* _About this task_
Find the lines in the records that carry the word "Lyst". Copy each one.

Data extracted from a collection
= Beginning of Section =
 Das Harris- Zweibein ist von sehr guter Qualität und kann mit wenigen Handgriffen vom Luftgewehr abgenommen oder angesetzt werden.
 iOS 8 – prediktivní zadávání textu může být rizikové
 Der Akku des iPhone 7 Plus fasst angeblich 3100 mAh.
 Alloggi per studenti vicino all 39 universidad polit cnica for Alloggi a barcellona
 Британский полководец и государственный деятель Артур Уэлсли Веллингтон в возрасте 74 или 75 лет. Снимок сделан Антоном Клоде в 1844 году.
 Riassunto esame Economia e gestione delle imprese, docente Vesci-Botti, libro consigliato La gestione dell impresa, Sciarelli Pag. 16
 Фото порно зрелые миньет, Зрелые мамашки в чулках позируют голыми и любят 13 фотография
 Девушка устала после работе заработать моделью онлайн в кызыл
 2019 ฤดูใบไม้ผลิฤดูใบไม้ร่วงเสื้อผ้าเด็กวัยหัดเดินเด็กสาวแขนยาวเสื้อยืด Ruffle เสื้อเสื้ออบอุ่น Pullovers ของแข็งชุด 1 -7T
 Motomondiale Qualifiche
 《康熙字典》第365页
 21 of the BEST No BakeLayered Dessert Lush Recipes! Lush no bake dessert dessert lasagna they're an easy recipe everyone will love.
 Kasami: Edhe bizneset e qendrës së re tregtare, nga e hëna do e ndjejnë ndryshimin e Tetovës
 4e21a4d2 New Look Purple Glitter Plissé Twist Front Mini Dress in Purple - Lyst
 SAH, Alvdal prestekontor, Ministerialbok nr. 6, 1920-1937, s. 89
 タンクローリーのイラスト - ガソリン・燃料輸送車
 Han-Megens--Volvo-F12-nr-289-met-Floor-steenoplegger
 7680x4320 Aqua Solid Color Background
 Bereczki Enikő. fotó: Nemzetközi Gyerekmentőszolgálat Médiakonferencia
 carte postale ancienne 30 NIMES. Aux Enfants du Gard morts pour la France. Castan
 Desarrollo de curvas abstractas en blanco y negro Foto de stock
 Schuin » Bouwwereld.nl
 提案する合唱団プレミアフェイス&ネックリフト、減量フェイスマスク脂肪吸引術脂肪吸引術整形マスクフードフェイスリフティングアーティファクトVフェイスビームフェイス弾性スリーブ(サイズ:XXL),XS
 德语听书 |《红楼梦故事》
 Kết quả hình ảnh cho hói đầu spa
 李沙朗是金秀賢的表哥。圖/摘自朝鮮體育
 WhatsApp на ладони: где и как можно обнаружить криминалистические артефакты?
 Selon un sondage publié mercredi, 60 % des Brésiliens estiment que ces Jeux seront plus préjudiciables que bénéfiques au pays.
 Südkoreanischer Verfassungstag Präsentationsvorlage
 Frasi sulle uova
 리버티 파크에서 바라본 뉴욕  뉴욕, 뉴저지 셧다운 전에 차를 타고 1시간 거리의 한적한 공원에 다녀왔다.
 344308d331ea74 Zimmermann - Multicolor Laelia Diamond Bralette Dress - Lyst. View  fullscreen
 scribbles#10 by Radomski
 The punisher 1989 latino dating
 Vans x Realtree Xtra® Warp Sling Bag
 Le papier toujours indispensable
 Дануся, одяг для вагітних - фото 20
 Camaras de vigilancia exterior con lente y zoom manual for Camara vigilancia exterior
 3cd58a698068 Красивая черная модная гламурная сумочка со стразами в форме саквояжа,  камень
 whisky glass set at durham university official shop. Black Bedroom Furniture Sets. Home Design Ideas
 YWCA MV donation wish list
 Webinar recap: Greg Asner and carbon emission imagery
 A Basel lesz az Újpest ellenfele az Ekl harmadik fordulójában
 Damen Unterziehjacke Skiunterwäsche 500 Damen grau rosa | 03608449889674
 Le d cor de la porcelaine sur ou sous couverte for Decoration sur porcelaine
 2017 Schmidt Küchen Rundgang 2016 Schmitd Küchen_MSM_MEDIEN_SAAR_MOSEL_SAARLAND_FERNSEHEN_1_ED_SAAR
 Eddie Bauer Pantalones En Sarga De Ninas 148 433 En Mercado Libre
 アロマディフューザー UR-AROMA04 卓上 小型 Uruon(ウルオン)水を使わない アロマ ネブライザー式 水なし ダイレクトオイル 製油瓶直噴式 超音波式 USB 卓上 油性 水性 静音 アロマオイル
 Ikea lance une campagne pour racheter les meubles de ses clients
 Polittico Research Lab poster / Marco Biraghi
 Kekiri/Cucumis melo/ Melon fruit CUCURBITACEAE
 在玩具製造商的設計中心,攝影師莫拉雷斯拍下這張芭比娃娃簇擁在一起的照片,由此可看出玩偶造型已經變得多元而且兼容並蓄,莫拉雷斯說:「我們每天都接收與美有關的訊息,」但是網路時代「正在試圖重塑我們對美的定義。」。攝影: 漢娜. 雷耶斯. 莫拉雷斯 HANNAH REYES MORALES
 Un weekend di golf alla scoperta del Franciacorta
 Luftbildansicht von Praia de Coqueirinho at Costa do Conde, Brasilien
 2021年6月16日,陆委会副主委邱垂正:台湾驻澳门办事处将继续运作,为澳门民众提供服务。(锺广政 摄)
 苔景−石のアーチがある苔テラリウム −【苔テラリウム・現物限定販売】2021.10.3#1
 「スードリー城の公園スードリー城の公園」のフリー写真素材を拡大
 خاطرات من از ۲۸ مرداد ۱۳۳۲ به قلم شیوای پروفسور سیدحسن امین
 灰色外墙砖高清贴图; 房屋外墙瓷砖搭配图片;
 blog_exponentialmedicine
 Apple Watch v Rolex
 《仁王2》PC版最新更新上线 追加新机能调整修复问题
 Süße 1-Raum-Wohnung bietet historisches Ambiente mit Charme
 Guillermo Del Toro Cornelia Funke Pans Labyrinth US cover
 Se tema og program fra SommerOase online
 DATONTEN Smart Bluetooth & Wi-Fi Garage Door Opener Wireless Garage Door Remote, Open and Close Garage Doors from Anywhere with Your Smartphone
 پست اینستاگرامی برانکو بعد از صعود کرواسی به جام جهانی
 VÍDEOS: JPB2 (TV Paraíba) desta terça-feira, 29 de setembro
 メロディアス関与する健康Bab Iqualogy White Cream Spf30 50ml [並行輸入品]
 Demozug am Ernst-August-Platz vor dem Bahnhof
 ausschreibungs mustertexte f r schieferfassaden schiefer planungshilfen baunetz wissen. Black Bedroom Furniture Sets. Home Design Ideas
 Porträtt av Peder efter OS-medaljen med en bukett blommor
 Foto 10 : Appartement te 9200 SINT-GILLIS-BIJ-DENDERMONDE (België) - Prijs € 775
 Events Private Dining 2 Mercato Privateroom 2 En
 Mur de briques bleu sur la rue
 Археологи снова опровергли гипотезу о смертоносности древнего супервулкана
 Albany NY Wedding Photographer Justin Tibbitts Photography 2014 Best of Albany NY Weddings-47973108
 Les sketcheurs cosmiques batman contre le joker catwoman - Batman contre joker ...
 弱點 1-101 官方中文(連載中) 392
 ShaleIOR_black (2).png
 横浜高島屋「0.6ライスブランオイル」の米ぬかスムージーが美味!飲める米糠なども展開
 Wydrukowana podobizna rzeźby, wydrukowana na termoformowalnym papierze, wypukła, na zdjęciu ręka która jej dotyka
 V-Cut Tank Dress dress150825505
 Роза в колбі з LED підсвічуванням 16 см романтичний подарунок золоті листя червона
= End of Section =
* _Written answer_
 4e21a4d2 New Look Purple Glitter Plissé Twist Front Mini Dress in Purple - Lyst
 344308d331ea74 Zimmermann - Multicolor Laelia Diamond Bralette Dress - Lyst. View  fullscreen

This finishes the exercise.